If there was ever any question about the value of Social Security income to seniors, a recent analysis from the Center on Budget and Policy Priorities (CBPP) hits home on the program’s importance. The CBPP found that the elderly poverty rate would be more than four times higher than it is now without the guaranteed monthly income provided to eligible retired workers. By “eligible,” I mean workers who’ve earned the prerequisite 40 lifetime work credits needed to qualify for a retirement benefit.
Of course, what a retired worker will be paid during retirement is mostly in their own hands.
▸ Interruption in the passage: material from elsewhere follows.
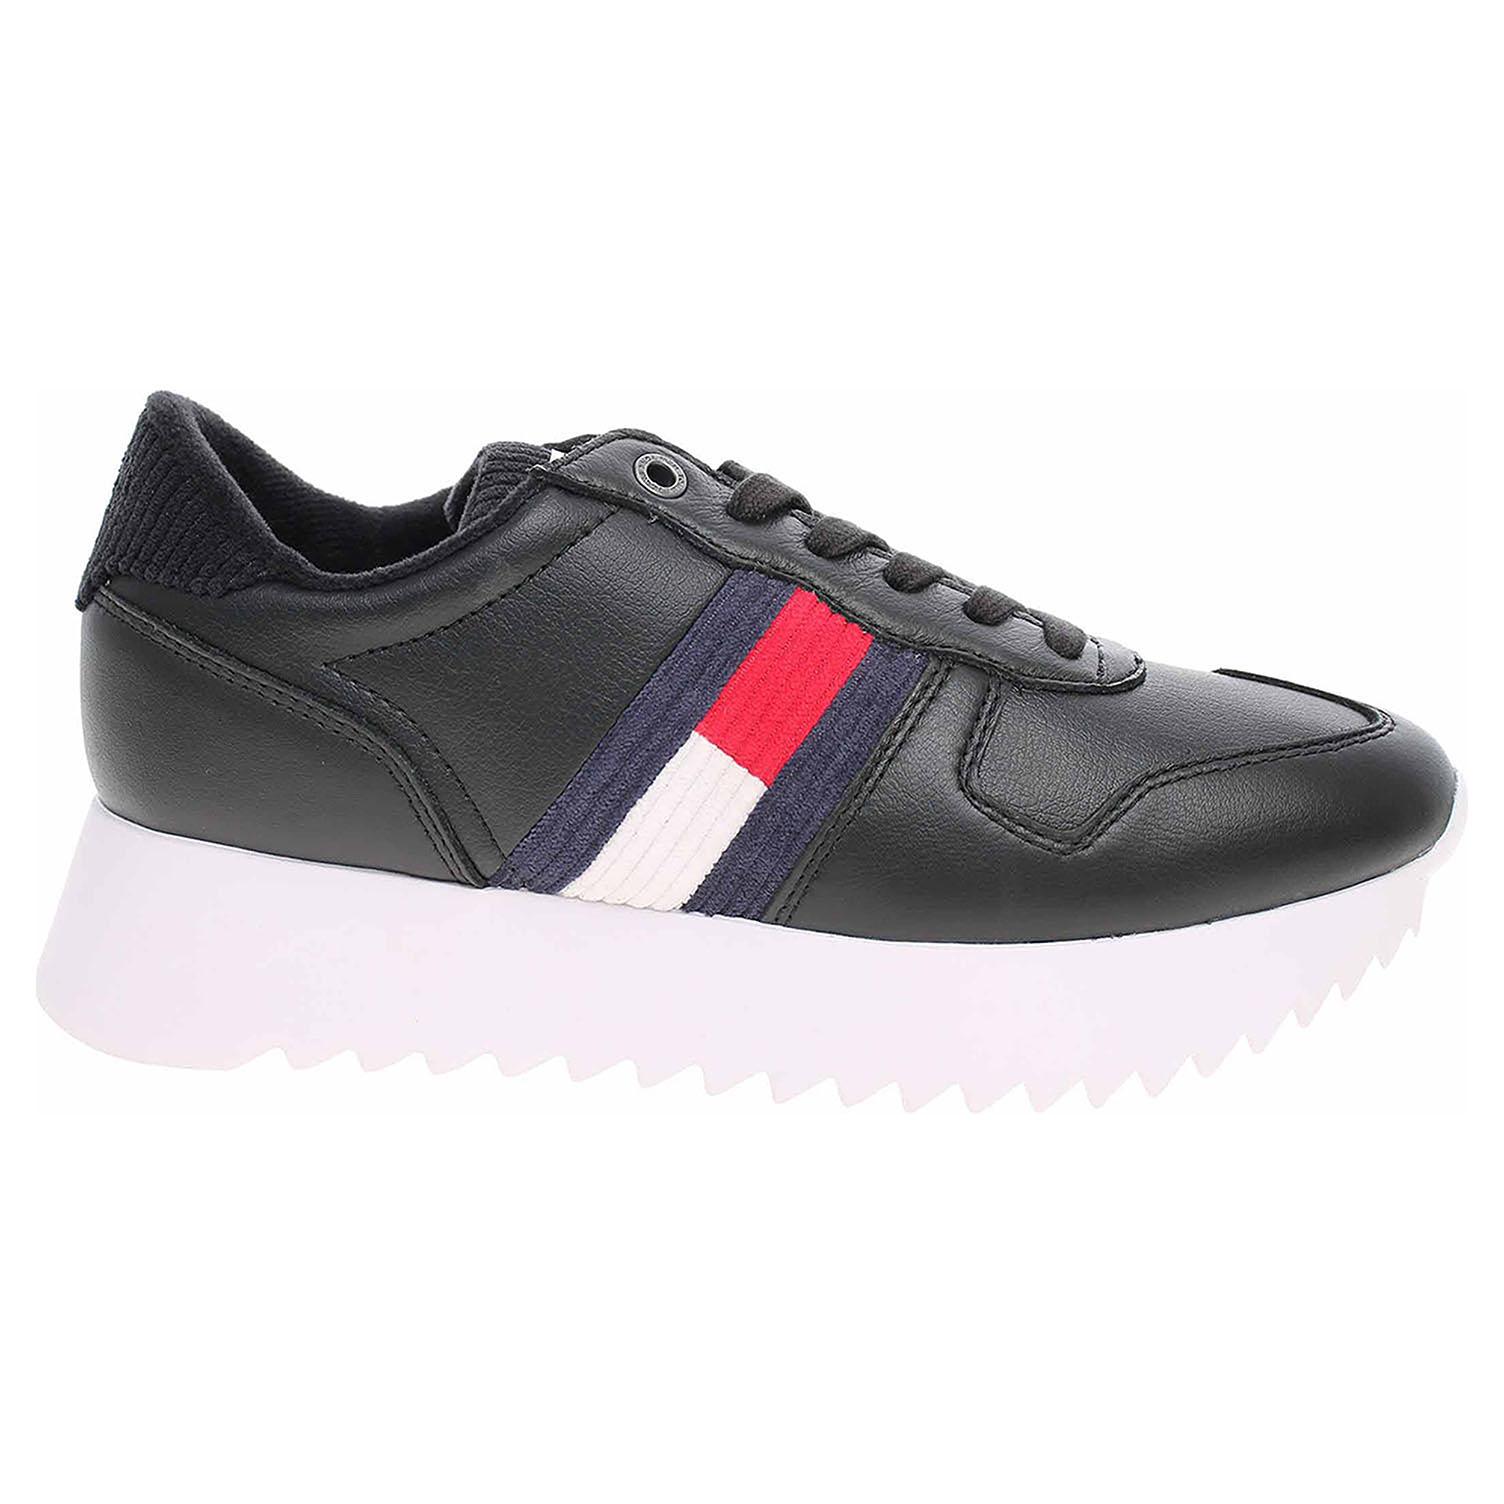 Dámská obuv Tommy Hilfiger EN0EN00658 BDS black EN0EN00658 BDS 39
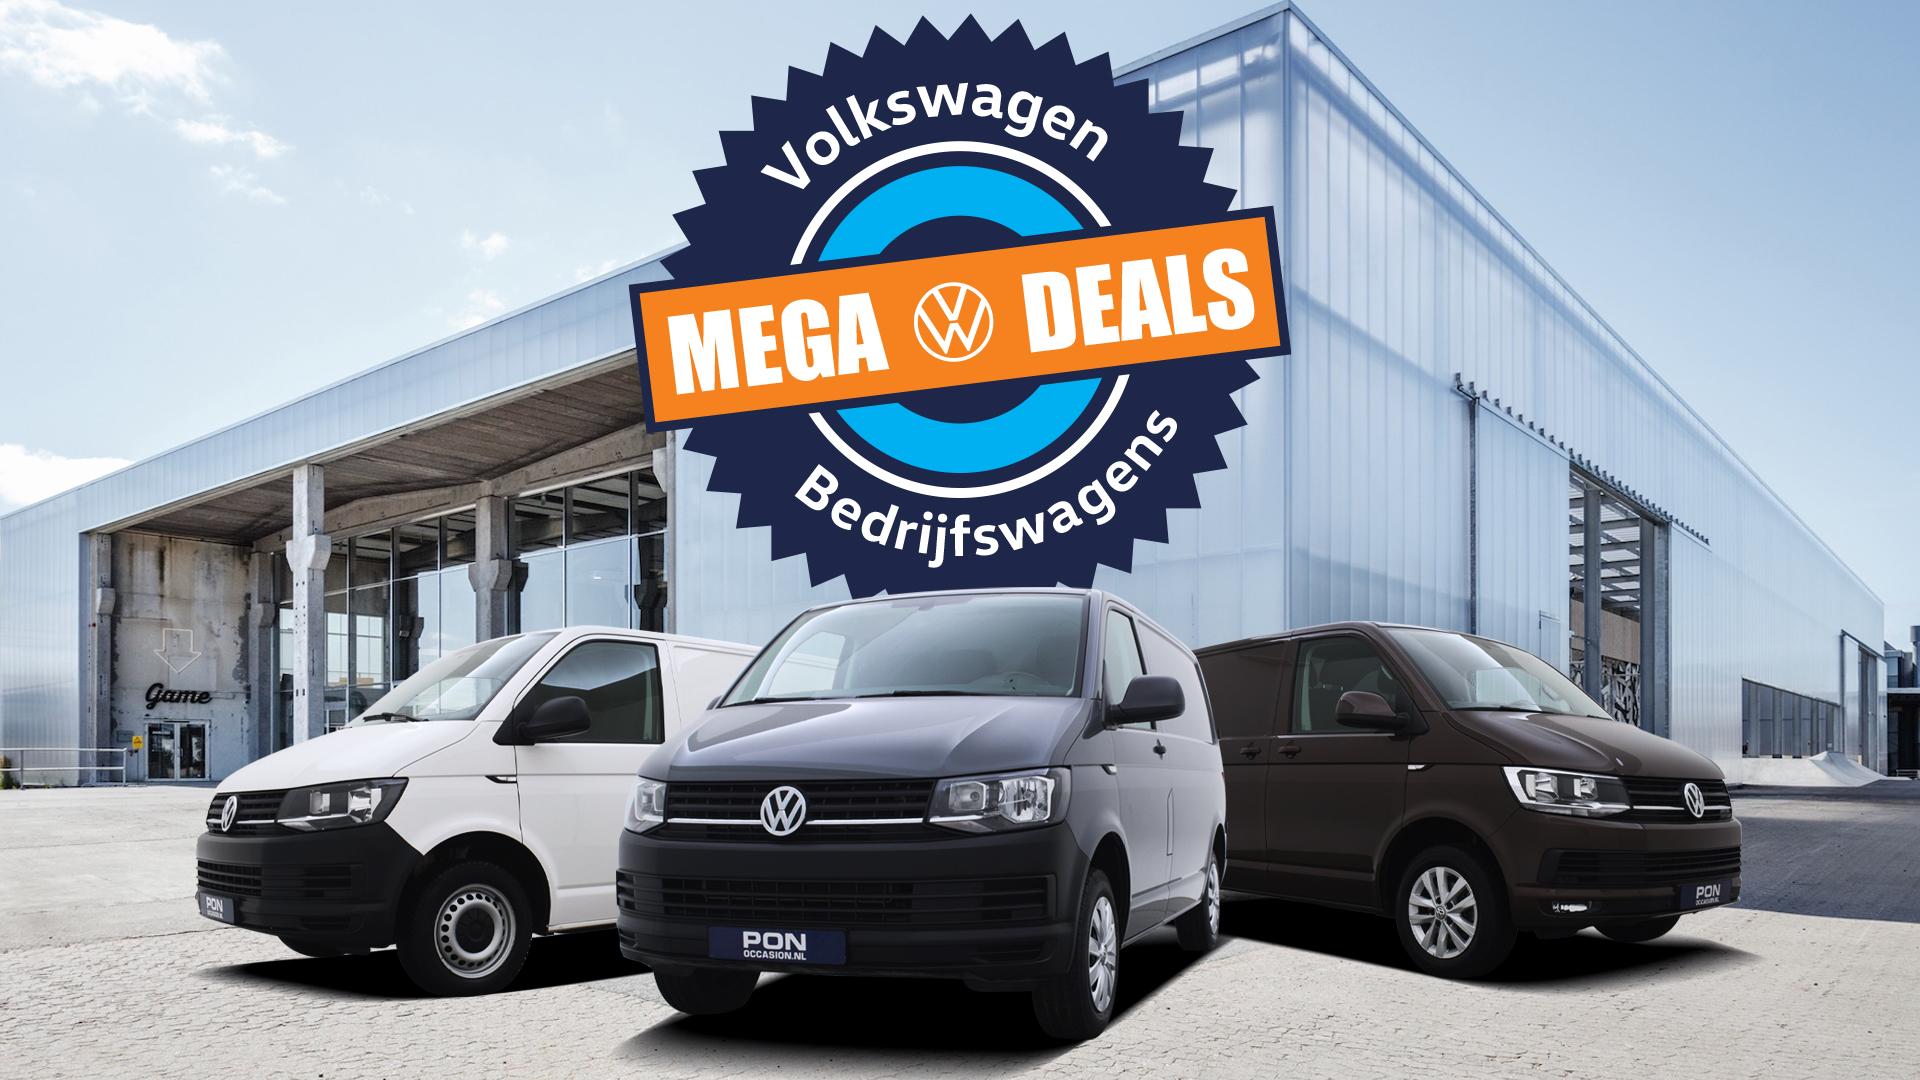 Volkswagen_Transporter_Mega_Deals_bij_Pon_Occasion.jpg

Four factors that have a lot of bearing on your Social Security benefit
When calculating a worker’s retirement benefit, the Social Security Administration (SSA) takes four prime factors into account. The first two, earnings history and work history, are inextricably tied at the hip. The SSA will factor in your 35 highest-earning, inflation-adjusted years when determining your Social Security benefit, which suggests that you should work at least 35 years (if not more) and earn as much as you can in the years you do work in order to maximize what you’ll receive from the program.
The third factor is your birth year, which we have no control over. Your birth year determines your full retirement age (FRA), or the age at which the SSA deems a retiree eligible to receive 100% of their monthly payout. You can use this handy table to locate your unique FRA. In simple terms, claiming your benefit at any point before reaching your full retirement age will result in a permanent reduction in your monthly payout, while waiting until after your FRA can actually lead to an ever larger monthly payment.
The fourth factor, and arguably the one with the most bearing on your monthly and lifetime payout, is your claiming age. Though eligible recipients are free to begin taking Social Security income as early as age 62, a dangling carrot exists that’s designed to entice folks to wait. For each year a worker holds off on claiming benefits, their eventual payout grows by about 8%. All things being equal — i.e., work history, earnings history, and birth year — a worker claiming at age 70 could receive as much as 76% more per month than a claimant at age 62.
Claiming Social Security at your full retirement age could be a smart move
Taking Social Security at 70 is obviously the smart move, right? Well, not always. The smarter move might be a middle-ground approach where folks claim their benefit at full retirement age. Here are three reasons that could be a wise decision.
1. No exposure to the retirement earnings test
Possibly the best reason to wait to claim benefits until your full retirement age is that you won’t be exposed to the retirement earnings test, or RET.
The RET allows the SSA to withhold some or all of your Social Security benefit if you earn over a certain income threshold each year and you’re receiving benefits prior to reaching your full retirement age. For example, if a retired worker has chosen to claim benefits early and they won’t reach their full retirement age in 2019, the SSA will withhold $1 in benefits for each $2 in earnings above $17,640. For current Social Security recipients who will reach their full retirement age in 2019 but may not do so until late in the year, the SSA can withhold $1 in benefits for every $3 in earnings above $46,920.
The silver lining here is that withheld benefits aren’t necessarily lost. Barring an early passing, you’ll get these withheld funds back in the form of a higher monthly payout once you hit your full retirement age. However, the point is that if you were to wait until your full retirement age in the first place, then you wouldn’t have to worry about the SSA withholding a red cent.
2. A higher monthly payout to account for increased longevity
A second astute reason to be patient is our increasing longevity. Even though American life expectancies have edged ever-so-slightly lower over the past three years, the average life span is higher by approximately nine years since 1960. Further, we’re witnessing more people than ever reach the eligible claiming age for Social Security of 62.
By waiting until your full retirement age, you’re guaranteeing yourself a monthly income that isn’t reduced, which could come in handy as medical care and pharmaceuticals push life expectancies higher. You could certainly choose to wait even longer if you’re in excellent health, have longevity in your immediate family, or simply don’t need the money as a result of good saving and investing habits. But the key point here is that waiting means a higher monthly payout that, with longer life expectancies, could be crucial to helping seniors make ends meet.
3. In order to protect your loved ones
A third and final advantage of waiting until your full retirement age to take Social Security is that it could protect the ones you love. If you’re married and especially if you’re the breadwinner of the household, your claiming age can have a big impact on the earning potential of your partner if you pass away first.
If, for instance, you had significantly higher lifetime earnings than your partner but claimed Social Security benefits at age 62, your spouse’s potential survivor benefit will be permanently reduced, as well. Comparatively, by waiting until your full retirement age to claim Social Security, you’re giving your spouse an opportunity to receive a full survivor benefit.
It’s time to ask yourself: Is claiming Social Security at full retirement age right for me?